Hemlock Semiconductor (HSC) is the largest and only producer of hyper-pure polysilicon headquartered in the United States. Founded in 1961, it is owned by Corning Inc. and Shin-Etsu Handotai and named after Hemlock, Michigan, the location of its factory. Its current facilities produce between 30,000 and 35,000 tons of polycrystalline silicon, ranking it among the top five producers worldwide.

Polycrystalline silicon, also called polysilicon, is a high purity, polycrystalline form of silicon, used as a raw material by the solar photovoltaic and electronics industry.

Former Tennessee facility
The company expanded with the Japanese joint venture partners Shin-Etsu Chemical and Mitsubishi Materials, for a new $1.2 billion plant opening near Clarksville, Tennessee. Though it officially opened in 2012, chemicals were never inventoried and no product was made. The plant was under negotiations in 2011 for a further $3 billion expansion, to keep pace with manufacturing competition from China.
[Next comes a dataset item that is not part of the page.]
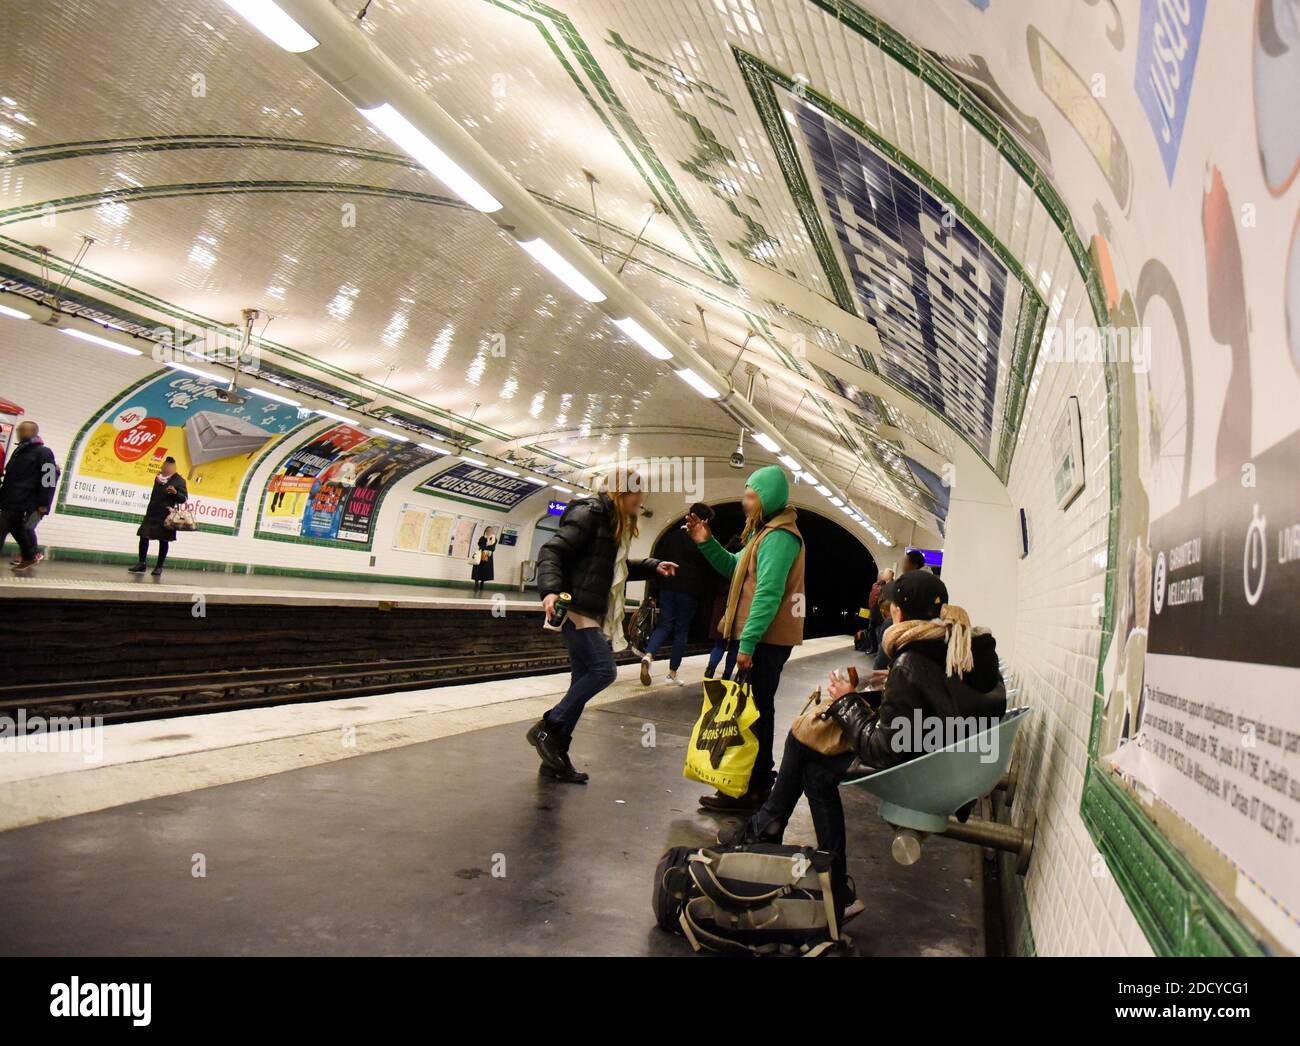 Das Phänomen der Riss Raucher in der Pariser Metro, die manchmal treibt Zugfahrer nicht am Bahnhof zu stoppen und beunruhigt Benutzer. Pariser Metrofahrer prangern die Unsicherheit in einigen Stationen an, insbesondere aufgrund der Anwesenheit von Crack-Rauchern und Drogenhändlern. 'Die U-Bahn-Zombies', wie Le Parisien es vor ein paar Tagen nannte. Die Tageszeitung zeigt Szenen von Junkies, die ihre Risspfeife am Kai unter den staunenden und verängstigten Augen des Gebrauchs zünden. Januar 20, 2018. Foto von Alain Apaydin/ABACAPRESS.COM Stockfoto

In December 2014, Hemlock Semiconductor announced the permanent closure of the $1.2 billion Tennessee plant, due to adverse conditions from industry oversupply and ongoing challenges from global trade disputes. Many of the approximately fifty employees in Tennessee were offered employment positions in Michigan at the Hemlock, Michigan site or Dow Corning facilities, and the rest received severance packages.

In December 2015, Google announced that they will buy the facility, and invest more than $600 million to turn it into their 15th datacenter.

End of Dow Corning joint venture
Dow Corning announced that June 1, 2016 would be "day one" such that  Dow Chemical Company will assume 100% ownership of the Dow Corning Corporation, concluding the 73-year joint venture between Dow Chemical and Corning Inc.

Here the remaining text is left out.